Vertebral Subluxation...The Key To Chiropractic!

What if you knew you were not expressing your full potential for health and well-being?


What if there was a way to correct that?


What if it was easy, fast, and affordable?


Would you do it?


Right now you are most likely experiencing at least one vertebral subluxation in your spine. Don't's not life threatening. Yet. But if you allow it to remain, it will slowly rob you of your health, your happiness, your life energy, and you will be moving more rapidly toward death than you should be.

What is a vertebral subluxation?
Vertebral subluxation is a reason why the chiropractic profession exists. It is the term chiropractors give to a specific situation in the spine. It has four distinct components.

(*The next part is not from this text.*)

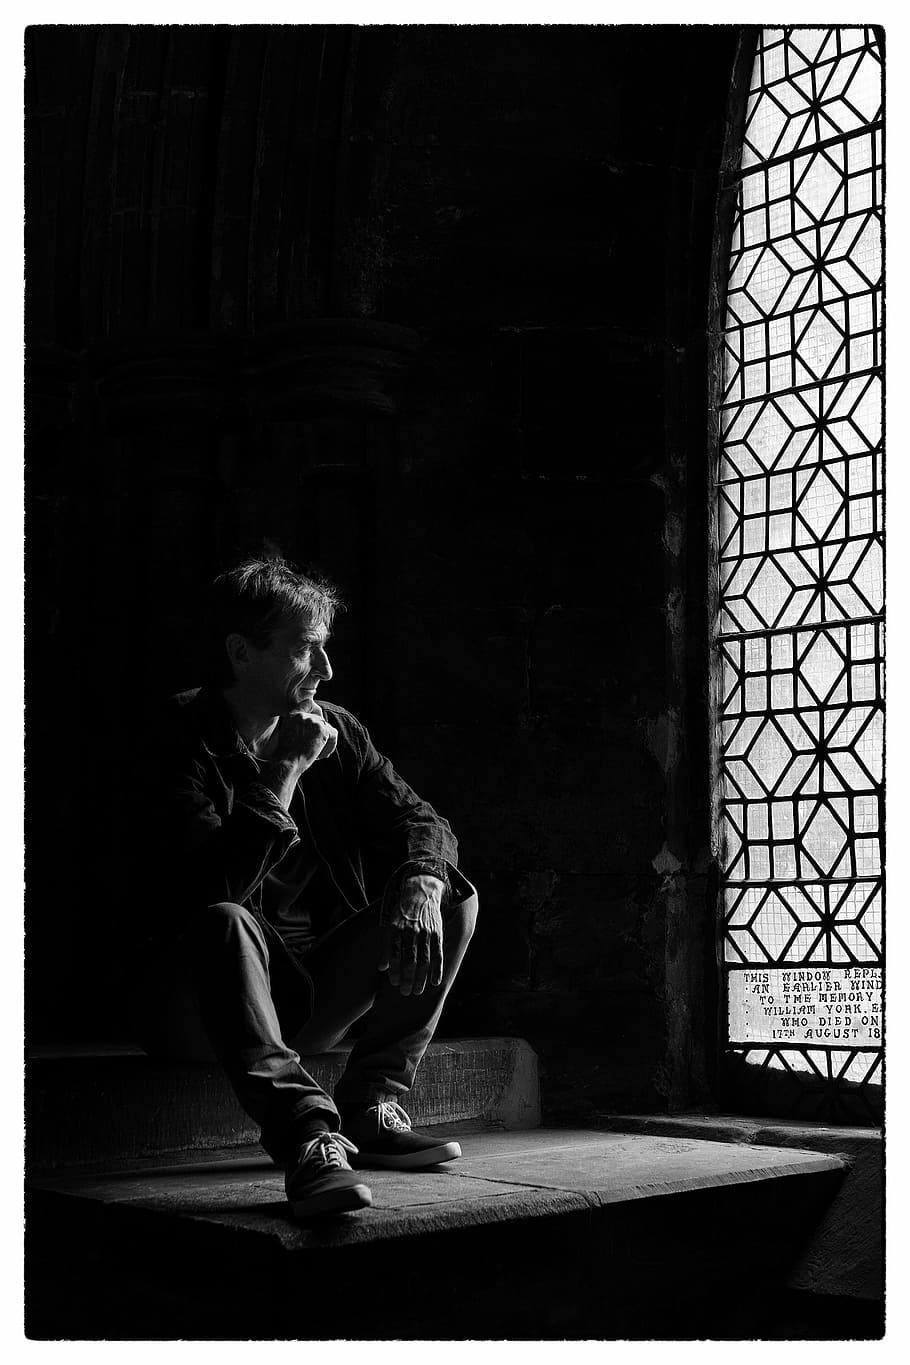 grayscale photography of man sitting on stairs near window, window light

The first component of vertebral subluxation is MISALIGNMENT. The spine is composed of 24 moveable segments called vertebrae. The fact that it is 24 small bones instead of one large bone gives us incredible freedom and mobility. But this very mobility allows some of the bones of the spine to become out of proper relationship with the vertebrae above and below. And they can become fixated or stuck this way. They lose their normal alignment and function.


This misalignment leads to the second component, which is OCCLUSION. This means a subluxation can narrow or partially block the passages and canals found between the vertebrae. No big deal, right? WRONG! Since the spinal cord and spinal nerves pass through these openings it IS a big deal!


The occlusion of these passages and canals leads to the third component of vertebral subluxation, which is PRESSURE. A vertebral subluxation places pressure and tension on those tender and vital parts of the nerve system. Sounds like it would hurt. Not always, in fact, not usually. So if it doesn't hurt, what is the big deal again?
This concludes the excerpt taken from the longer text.